8- Bir Damla Çığlık

32 0 0
                                    



Keyifli okumalar...

Bölüm şarkısı; Teya Dora- Dzanum
Dedublüman- Firuze

Bu bölüm en heyecanla yazdığım bir bölümdü.
Yıldıza dokunmayı unutmayın canlarımmm.




sessizliğe bürünen her ruha hitaben...

✨✨✨

Kırıklar zamanla iyileşir ancak acısı uzun süre olur, aynı ihanetin yüzü gibi geçer ama izi hep Tılsımlı bir silsele gibi peşini bırakmaz.

Bu satırlar gerçeği haykırsa bile içimiz sessizdeyse kimse onu kabul ettiremez.

Umut derdi babaannnem umut;  yeni bir günün en doğru gerçeğidir.

Ve yine eklerdi; umutsuzluk insanın içinde bitirmişliği anlatırdı.

Ben ise kurduğum bir hayalde umutsuzluk ile boğuşuyordum. Kimsesizliğin tadını damağımda hissederken acı his midemi bulandırdı.

Ben bu zamana kadar bu kadar yıkılmamıştım.
Sanki onlarca beton parçası vardı üzerimde bağırsam duyacaklardı ama ben sesimi çıkarmak istemedim, istemiyordum.

Ruhum yaralıydı.

Kırıktı. Kırılmıştı.

O küçük kızı Kırmışlardı.

Can çekişen bir beden dışardan iyi gibi görünür de, önemli olan içinde boğuştuğu fırtınalardı.
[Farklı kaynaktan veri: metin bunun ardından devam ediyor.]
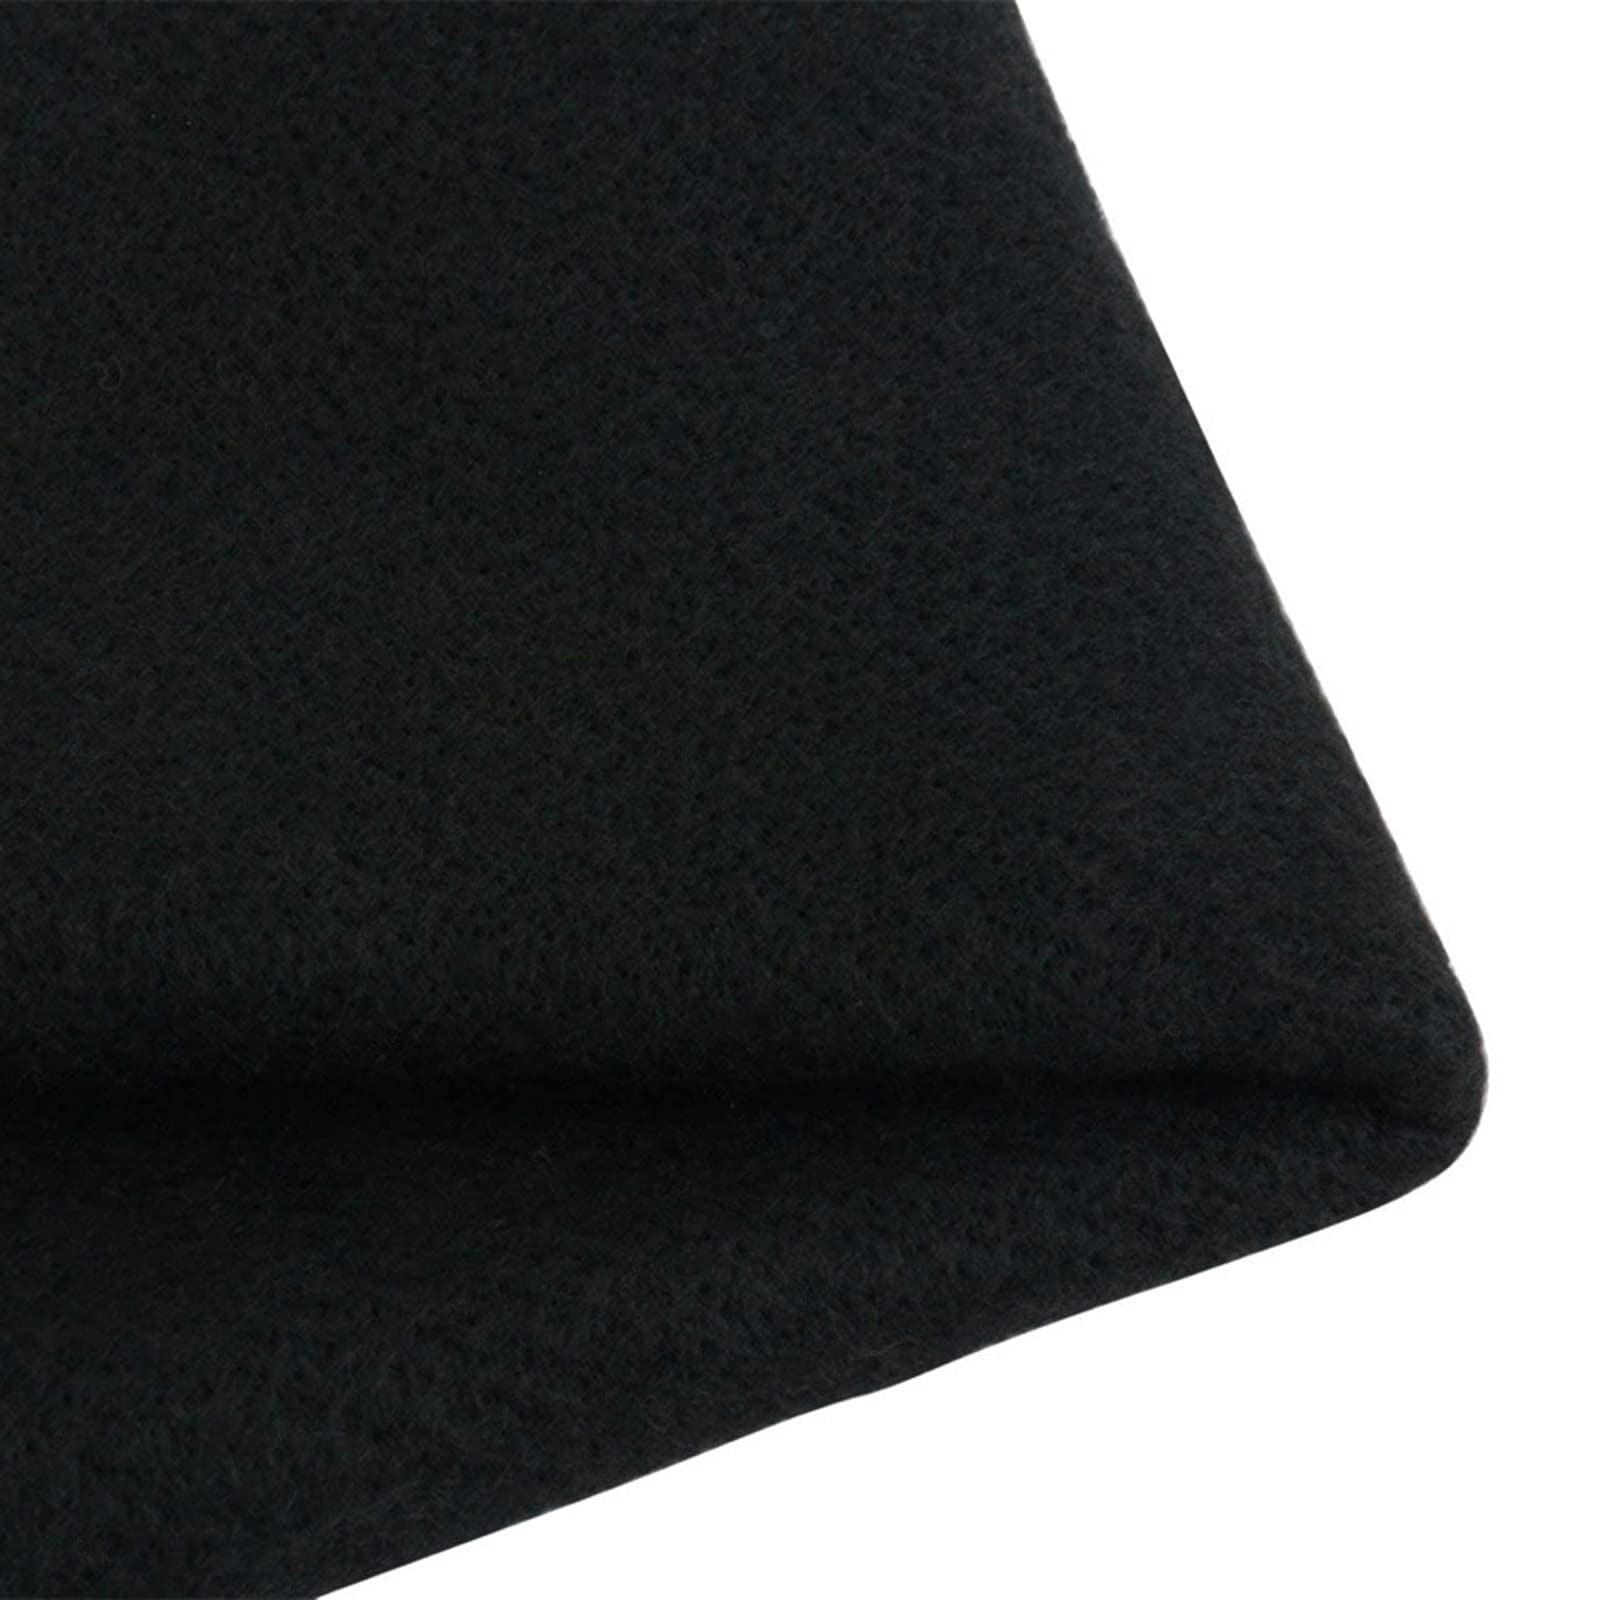 T-HOT High Temp Felt Carbon Fiber Welding Blanket Black Flame Resistant High Heat Fabric Mat Pad for Soldering Welder 12x12inch/36x36inch Insulated Welding Blanket Fireproof

Duygusuz insanlar hislerini dinlemezdi sadece bir felakete bir iz çalardı.

İnsan değişikti. Bazen yıkılır, ertesi gün hiç bir şey olmamış gibi dimdik ayakta kalırdı.

Birbirini öldüren iki kişi birbirlerini öldürdükleri için suçlamazlardı neden yaptın diye sorgularlardı. Neden.

Sessizliğe pranga takmış zihnim kimsesiz etrafına bakıyordu bir şey görmek isterdi ama görse, ona bile kördü delerlerdi. İnsanlara bakmazdı ama şu körelmiş duyguları onun vicdanını kör bıçak biler gibi biliyordu.
Saçları ağırmış sessizlik kimine ilaç kimine zehirli bir ok misali sırtına işliyordu. Sahiden zaman diliminde insanlar kendini neden yaşıyor sayıyordu ki halbuki bir gün öleceklerdi.
Duygular dedi kalbi.
Boş dedi aklı...

Çölde kurumuş olan çiçeği bile sulayıp açtırmak isteyen kalbi zayıftı dünyaya. Dünyadakilere.

Bir daha öğrenmişti ki kimsesiz olmak kimseyle olmaktan daha da iyiyiydi.

Susayıp kalktığı masadan bir daha dönemediğinde anladı her şeyi, masa kanlıydı.

İnsanlar kandı.

Zihni kandı.

Nefret bir duygu ibaresi ise neden onun gözlerinde bitmişlik bil'e geçmiyordu ne oluyordu da bu masada kanla bulanmış gözleri kimseler olmayan çöle dönmüştü.

Taş olan bir resim artık duvarda değildi.

............

Hastaneden çıkan genç kız bir camide durmuş namazını kıldıktan sonra bir restorana girip yemek yemişti ardı sıra kolundaki saate bakıp saatin epey geç olduğunu fark etti ve hemen kalktı hesabı ödeyip restorandan çıktı arabası son sürat yollarda giderken  ceza evine yakın bir yokuşta arabasını park etti gün batımıydı arabanın kaputuna yaslanıp eşsiz manzaraya daldı gözleri ama kısacık huzurlu anı bozan telefonunun zili idi. Arayan kısmında 'savcı bey' ismini görünce açıkçası çok şaşırdı üç günden beri kimse aramamıştı, özellikle de savcı ona bu görevi veren kişi.